▶ _Task statement_: Please retype the data in full and exactly; the pictures are not part of the copy.

▶ _Available data_:
-*-
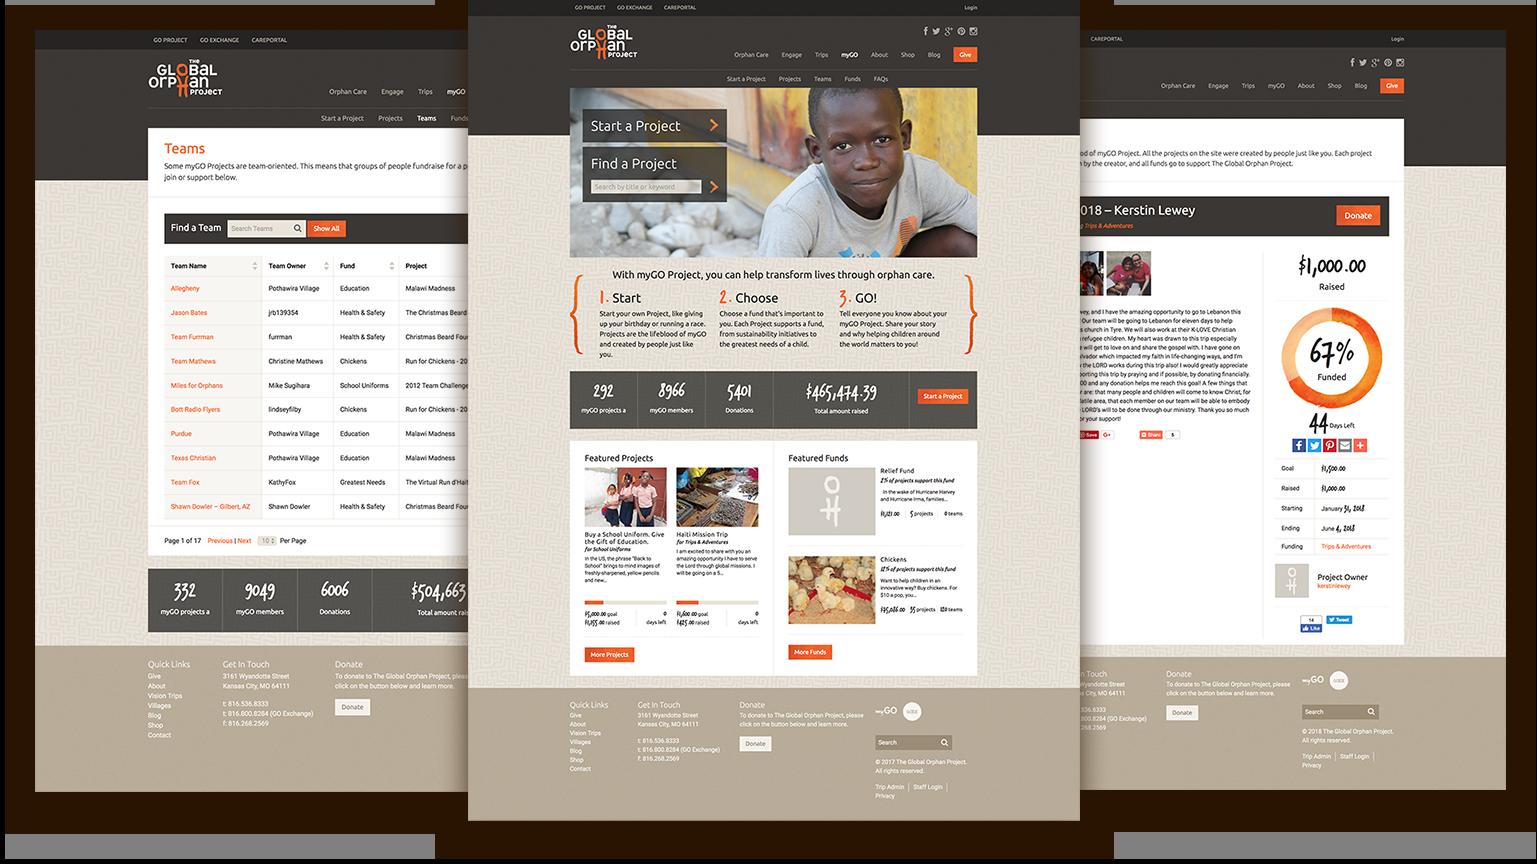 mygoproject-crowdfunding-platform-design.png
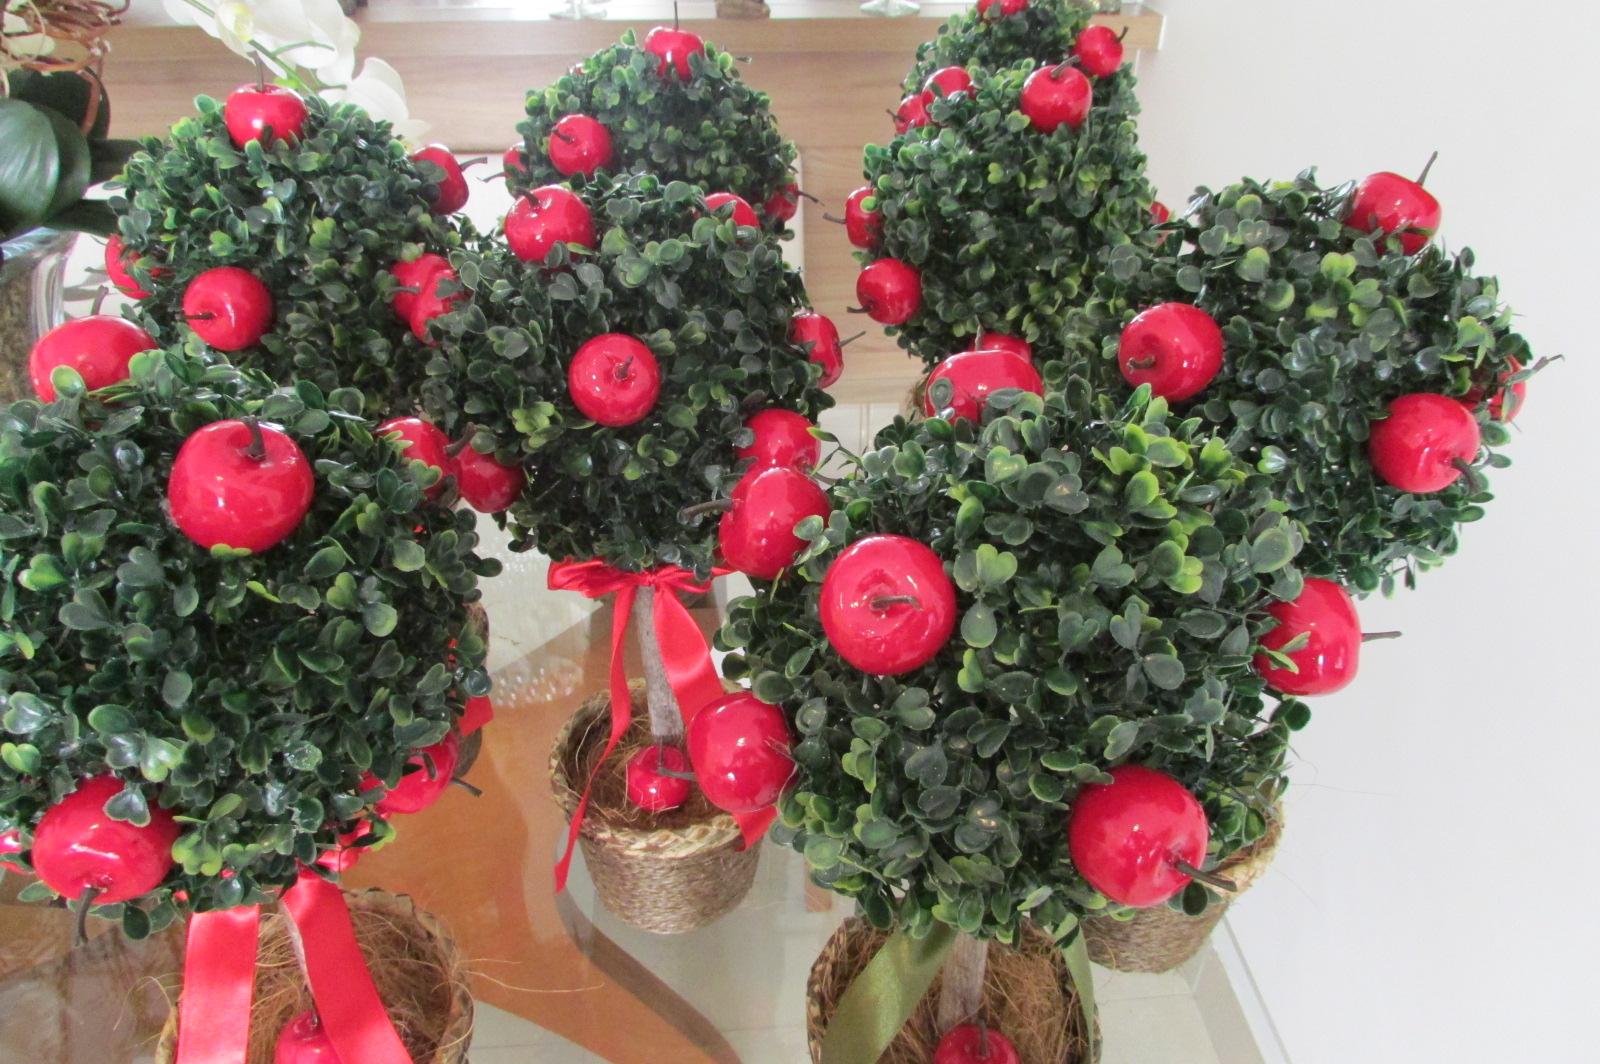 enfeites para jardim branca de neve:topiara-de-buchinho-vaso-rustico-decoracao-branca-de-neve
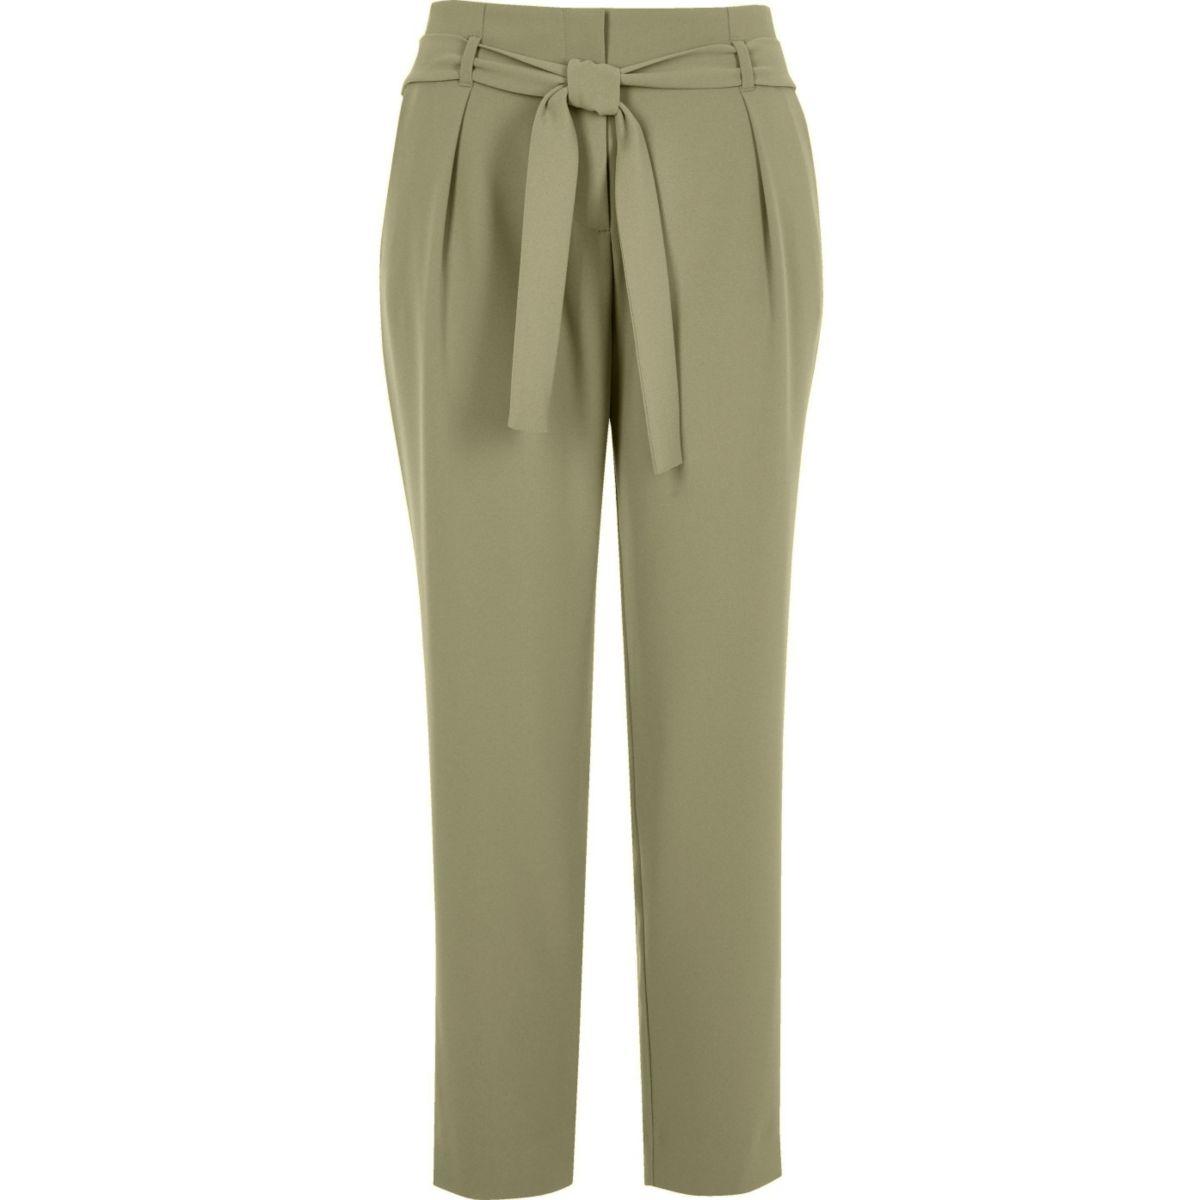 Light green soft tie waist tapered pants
-*-
▶ _Solved problem_:
 mygoproject-crowdfunding-platform-design.png
 enfeites para jardim branca de neve:topiara-de-buchinho-vaso-rustico-decoracao-branca-de-neve
 Light green soft tie waist tapered pants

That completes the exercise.